The only thing more powerful than negativism is a positive affirmation, a word of optimism and hope. One of the things I am most thankful for is the fact that I have grown up in a nation with a grand tradition of optimism. When a whole culture adopts an upward look, incredible things can be accomplished. When the world is seen as a hopeful, positive place, people are given the power to attempt and to achieve.

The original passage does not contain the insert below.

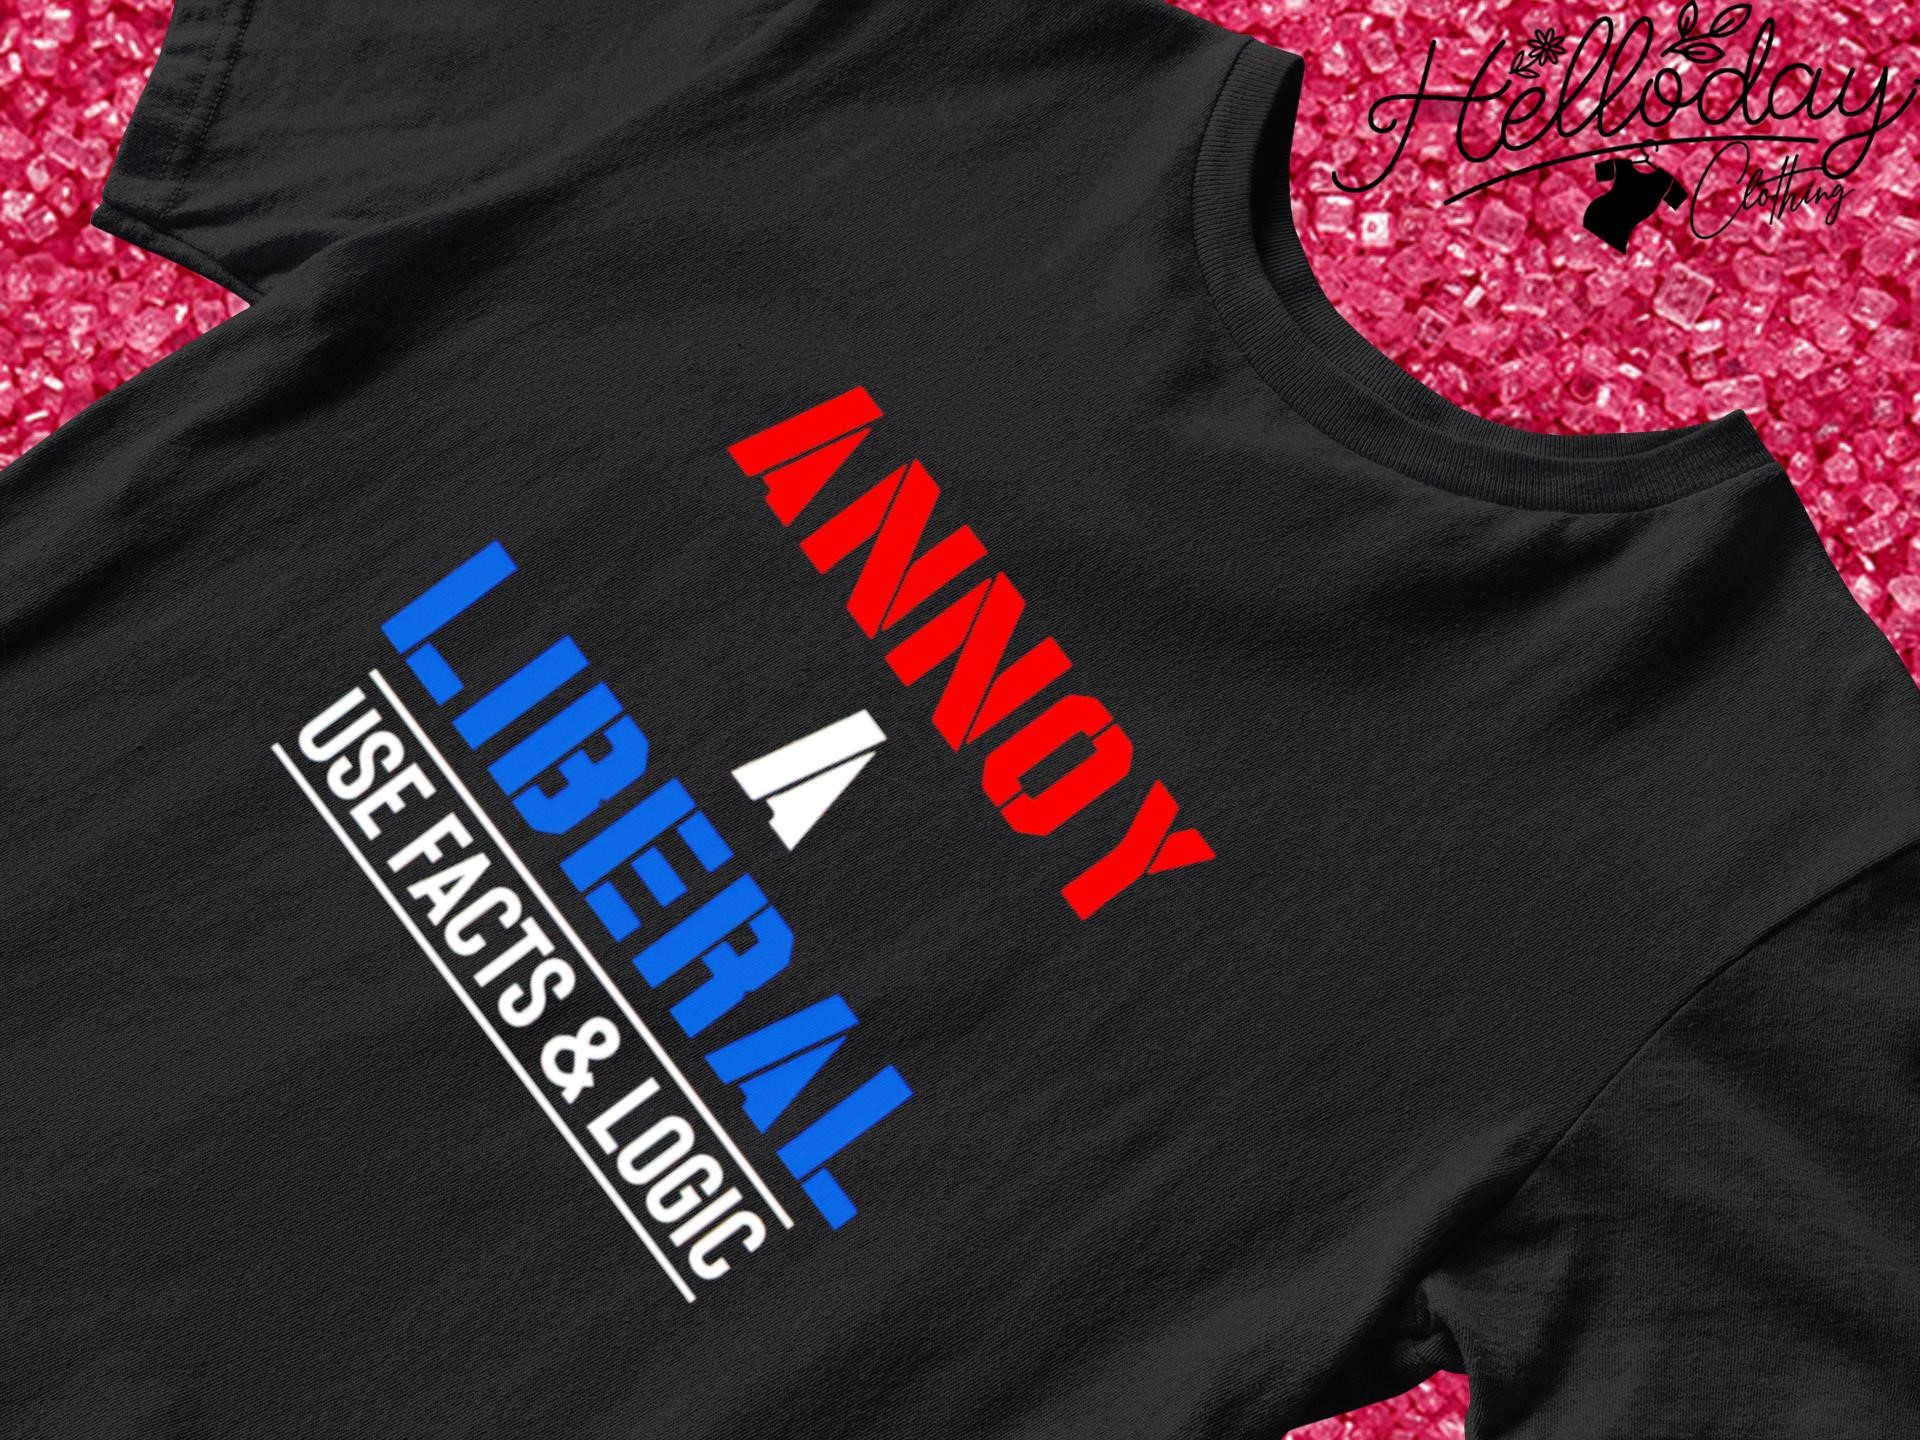 Donald Trump annoy a liberal USE facts and logic shirt

Optimism doesn’t need to be naive. You can be an optimist and still recognize that problems exist and that some of them are not dealt with easily. But what a difference optimism makes in the attitude of the problem solver! For example, through the years I’ve heard some people say that the money spent on our space program has been wasted. “Instead of spending $455 million to put a man on the moon,”they say, “why not spend that money here on earth on the poverty problem?”But when you ask them exactly how they would spend that money to solve the poverty problem, most of them don’t have an answer. “Give me a solution,”I tell them, “and I’ll raise you the money.”Think in positive term about how to address the issue rather than criticizing money spent on other program, such as America’s space program, which resulted in many positive discoveries that have benefited mankind.
Optimism draws our attention away from negativism and channels it into positive, constructive thinking. When you’re an optimist, you’re more concerned with problem solving than with useless fault-finding. In fact, without optimism, issues as big and ongoing as poverty have no hope of solution. It takes a dreamer –someone with hopelessly optimistic ideas, great persistence, and unlimited confidence –to tackle a problem that big. It’s your choice.。